Killua: Gon, lets not start with that again ^^;
Leorio: but what about-
Hisoka: Oh. And my dress code is strictly mine.
Leorio: the can I ask-
Hisoka: No you may not. ^_^
Leorio:. *_*
Gon: But you didn't answer-
Hisoka: SECOOOOOOOOOOOOOOOND QUESTION! ^0^ *ahem *
Dear HXH characters,
Is there a truth behind the pairings? Like KilluaXGon or LeorioXKurapika or HisokaXIllumi?
~Complete silence for 3 minutes~
Killua: *blushes like hell *
Kurapika: *scoff * ME??? WITH. WITH *THAT * PERVERT???
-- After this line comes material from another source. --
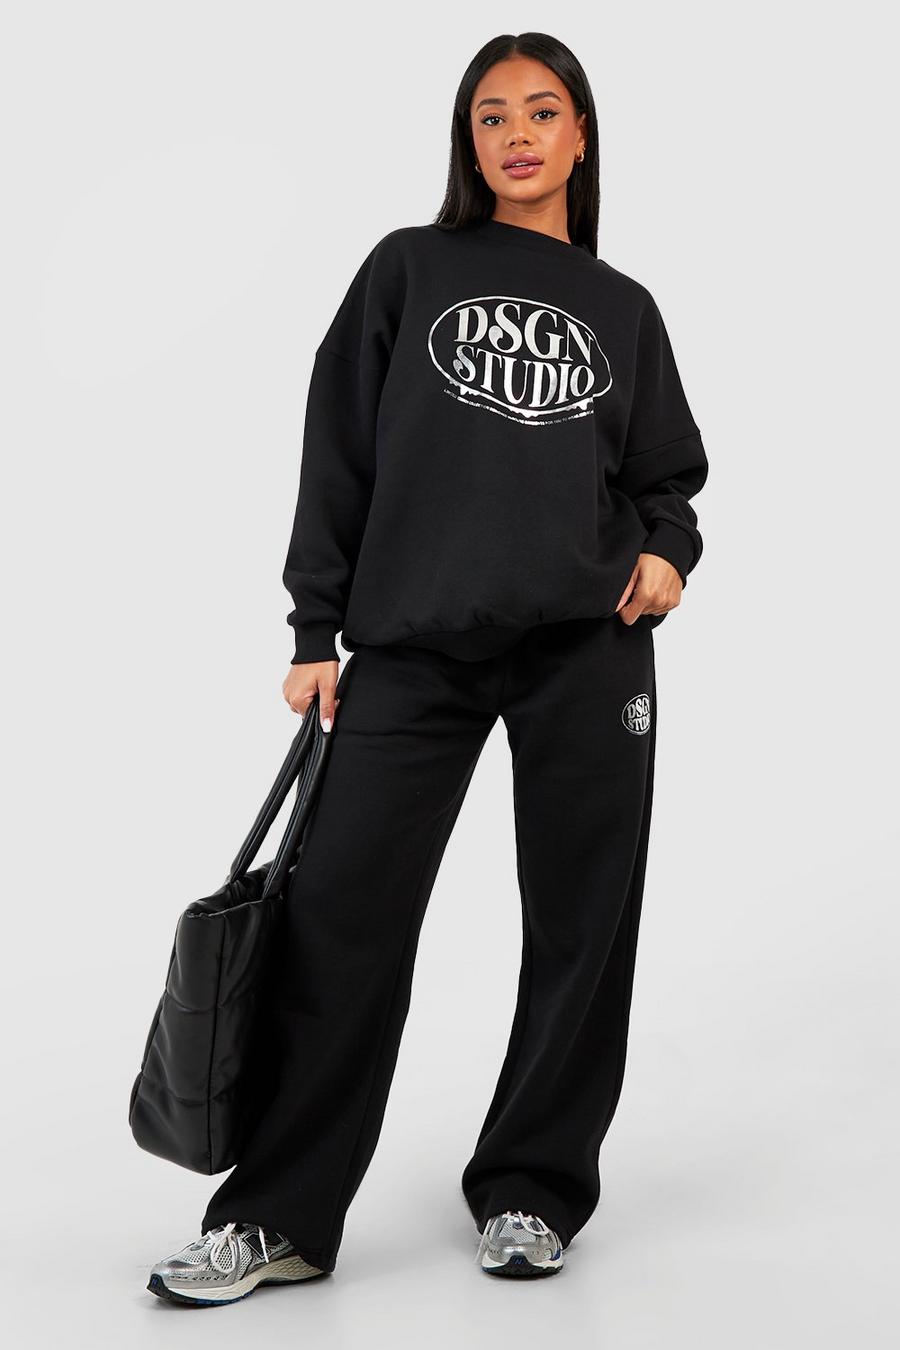 Oversize Sweatshirt mit Dsgn Studio Folien-Print, Black image number 1

Leorio: Hey! I am not a pervert!
Kurapika: NO WAY! (A/N: How old is Kurapika? Maybe he's in the self-denial stage.)
Leorio: As if! Who'd want to be paired up with a homosapien who you can't even ensure is a guy or a girl?? Did I say homosapien? Maybe I should have stopped at HOMO!
Kurapika: *jaw drop * THAT'S IT BUSTER! WANT TO TAKE IT OUTSIDE???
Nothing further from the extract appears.